While it is fair to say that as a general rule, a company will own the IP developed by an employee in the course of the duties he or she was engaged to perform, this is not the case with respect to IP developed for the company by an independent contractor, which rights will, in most circumstances, be owned by the independent contractor, and not the company. For the company to own this IP, it will need to have the independent contractor expressly assign its rights in the IP to the company. This is something which can and should be incorporated in the agreement by which the contractor is engaged. From a copyright perspective, it is particularly important that this assignment be in writing and signed by the independent contractor, since an assignment of copyright will not have effect unless is in writing and signed on behalf of the assignor7. Likewise, an assignment of a patent must be in writing and signed by or on behalf of the assignor and assignee8.

Common examples of independent contractors are contract research organisations or external experts hired to carry out particular projects.


The primary asset of any bio-sciences company is its intellectual property and proprietary information. For a company to protect these assets, it is vital that the scope of its employees' duties is clearly defined and that the employment documentation ensures that the employer retains control of these assets. In preparing this documentation care should be taken not to draft assignment or restraint clauses too broadly to prevent the possibility of their being deemed void as unreasonable restraints of trade.

1 s15(1)(b) Patents Act 1990 (Cth)

2 Sterling Engineering Co Ltd v Patchet [1955] AC 534.
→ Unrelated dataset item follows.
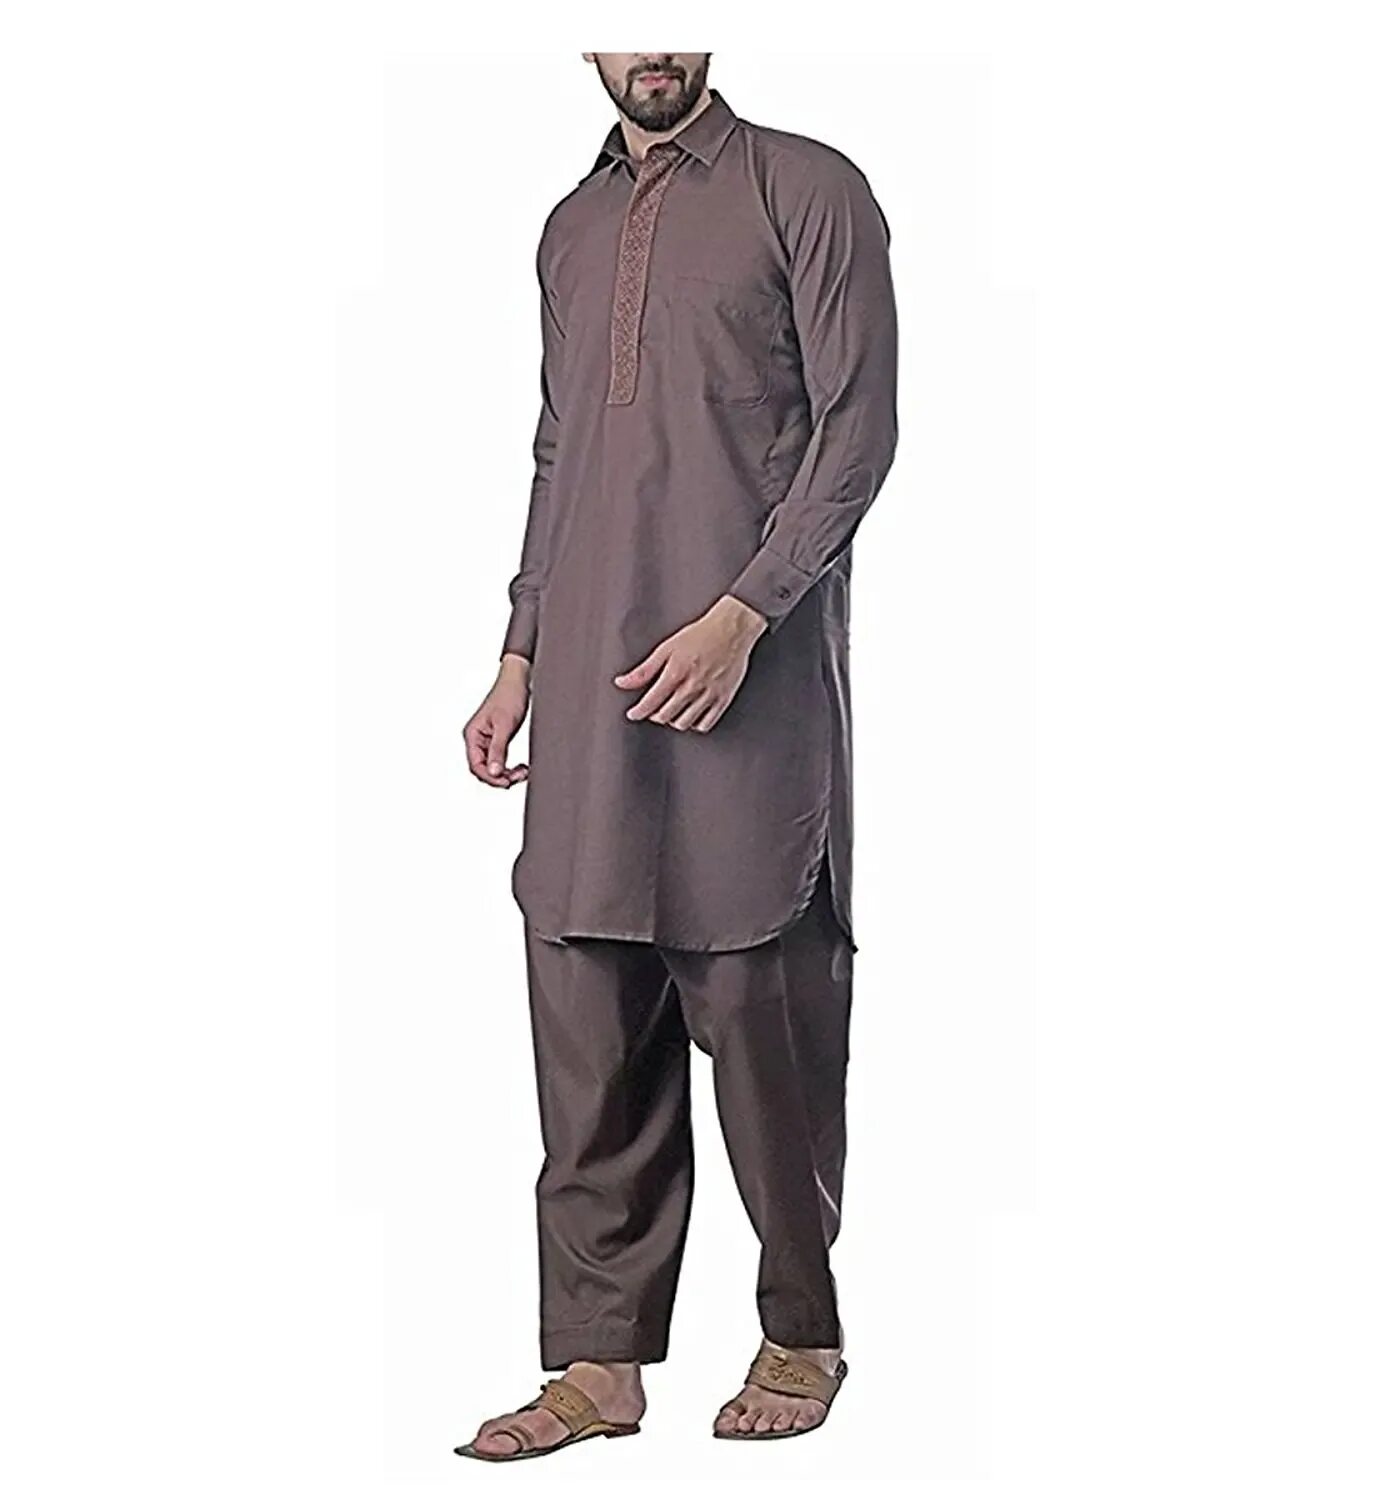 Камис Исламская мужская одежда. Исламские Камис костюмы мужские. Пакистанский Камис. Sajda мусульманская мужская одежда.
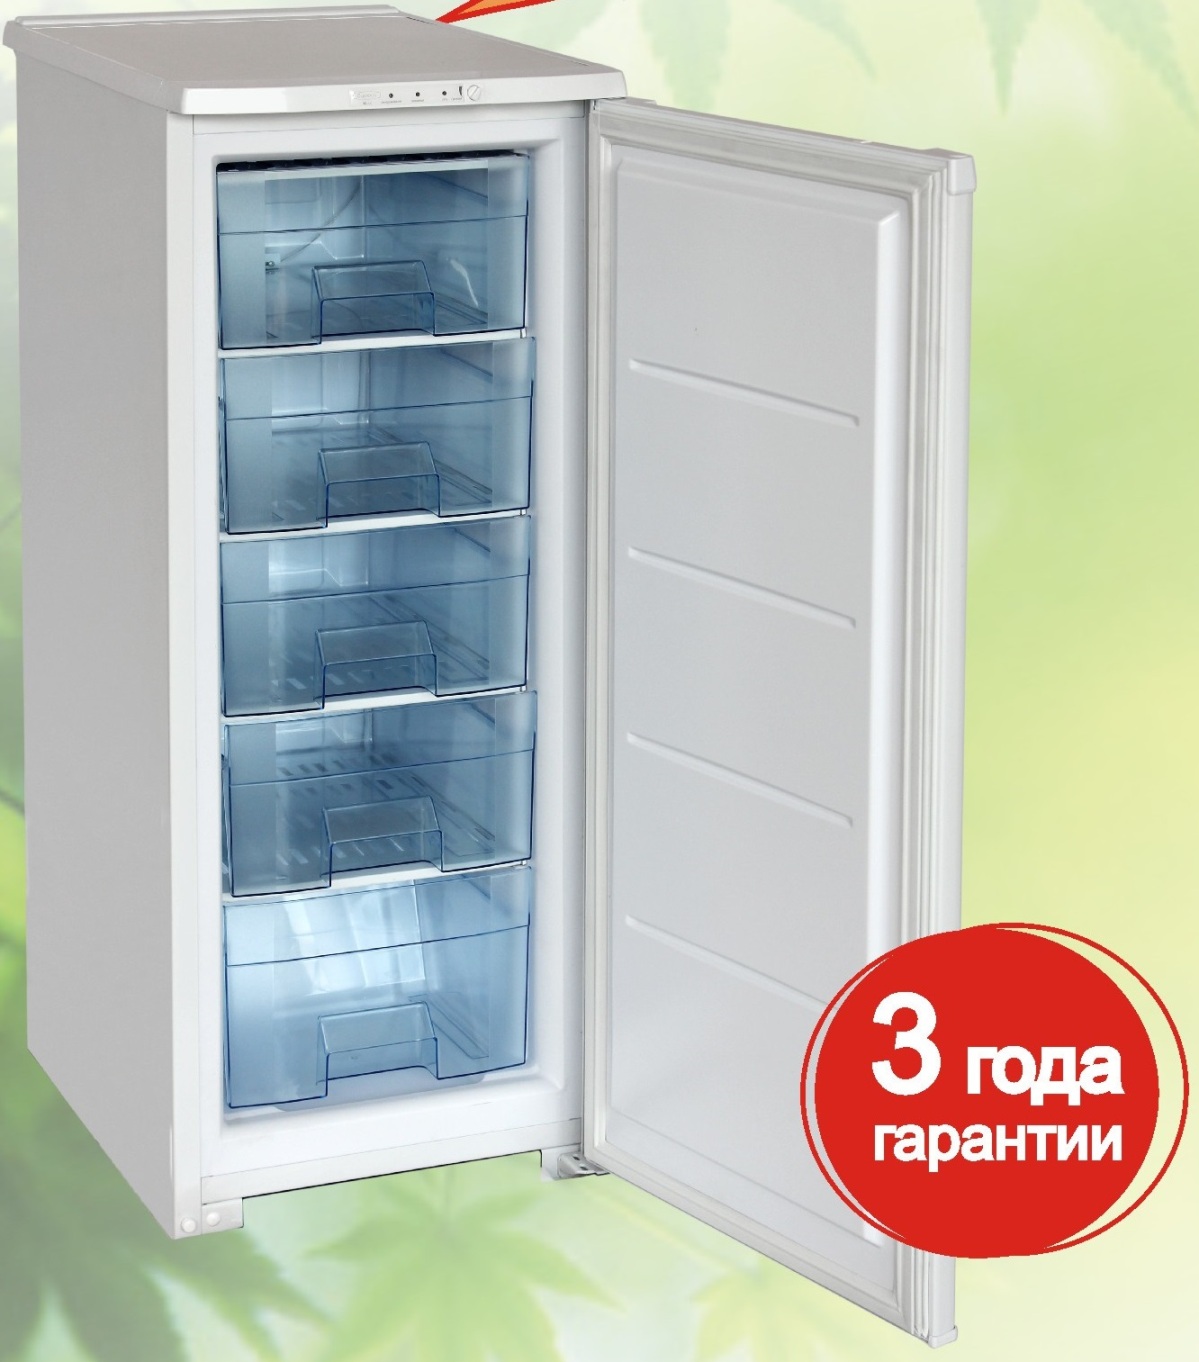 Где Купить Морозильную Камеру Новосибирск

3 Spencer Industries Pty Limited v Anthony Collins and B & J Manufacturing Company [2002] APO 4 (18 January 2002)

4 Electrolux Ltd v Hudson [1977] FSR 312.

5 Redrock Holdings Pty Ltd v Hinkley [2001] VSC 91, 4 April 2001.

6 Maggbury Pty Ltd v Hafele Australia Ltd (2001) 185 ALR 152

7 s196(3) Copyright Act 1968 (Cth)

8 s14(1) Patents Act 1990 (Cth)

The content of this article is intended to provide a general guide to the subject matter. Specialist advice should be sought about your specific circumstances.